Thursday, April 5, 2007

Excerpt from Pope's New Book on Jesus

From Papa Razi Forum:

The parable of the Good Samaritan (Lk 10,25-37)

In the center of the story of the Good Samaritan is man's fundamental question. It was a doctor of the law - a master of exegesis - who asked it of the Lord: "Rabbi, what should I do to gain eternal life?" (10,25).

Luke adds that the doctor asked the question to put Jesus to the test. He himself, as a doctor of the law, knew the answer the Bible gives to that question, but he wanted to see what this prophet, who was not a Biblical scholar, would say about it.

The Lord simply refers him back to the Scripture that his interlocutor knows and lets him answer his own question. The doctor of laws answers by precisely citing Deuteronomy 6,5 and Leviticus 19,18: "Love the Lord God with all your heart, all your spirit, all your strength, and all your mind, and love your neighbor as much as you love yourself" (Lk 10.27).

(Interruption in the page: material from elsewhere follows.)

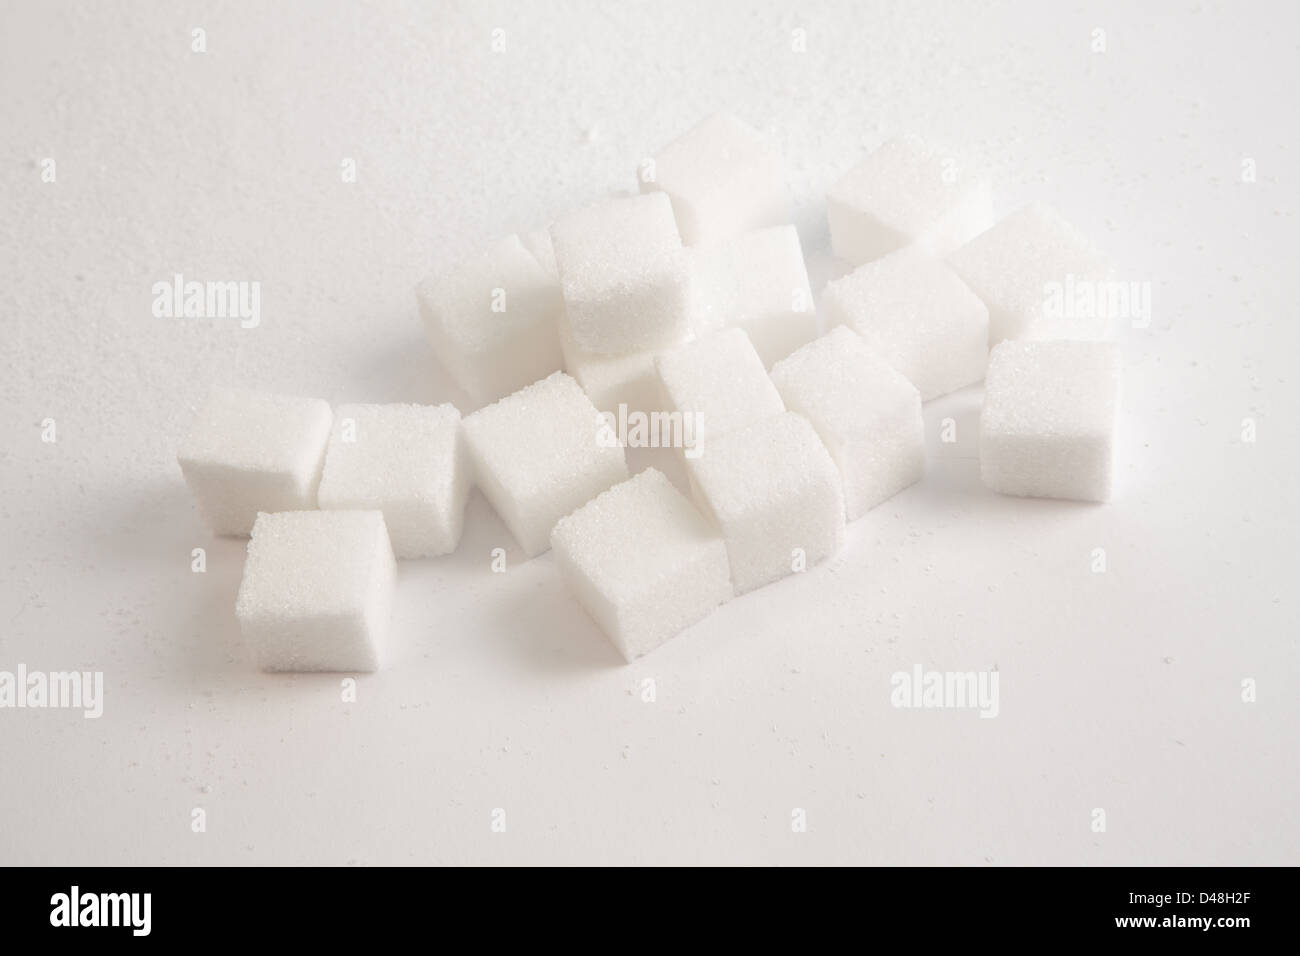 Pile of sugar lumps Stock Photo - Alamy

On this question, Jesus does not teach things differnt from the Torah, whose entire meaning is contained in this double commandment. But now, this learned man, who knew the answer to his own question, had to justify himself further: The word of the Scripture is not in question, he says, but how it should be applied in life raises many questions that are debated in the schools (and even in life itself).

The question is: Who is our 'neighbor'? The usual response, based on Scriptural texts, says 'neighbor' means 'fellow national(tribesman)".

The people make up a fraternal community, in which everyone has a responsibility to the other, in which every individual is supported by the whole, and therefore should consider the other
"as himself" - part of that whole which assigns him a vital space.

Then what about strangers, those who belong to another 'people', aren't they 'our neighbors'? Scriptures exhorted the Jews to love even strangers, reminding them that in Egypt, the people of Israel had lived as foreigners. But where to place limits remained a matter for discussion.

In general, only the foreigner who lived on the land of Israel was considered to belong to the fraternal community. But other concepts of 'neighbor' were also widespread.

A rabbinical declaration taught that one did not have to consider heretics, traitors and apostates as 'neighbors' (Jeremias, p. 170). Moreover, it was taken for granted that the Samaritans, who a few years earlier (6-9 AD) had contaminated Temple Square on Jerusalem by scattering bones during the Paschal season (Jeremias, p 171), were not 'neighbors.'

So, to the question phrased in such a concrete manner, Jesus responded with the parable of the man who was attacked by brigands on the road from Jerusalem to Jericho and abandoned by the wayside, stripped of everything and half dead.

It is a very realistic story because on that road, similar attacks occurred regularly. Along the road now came a priest and a Levite - both knowledgeable of the Law, experts on the great question of salvation, the service of which was their profession - and passed him by.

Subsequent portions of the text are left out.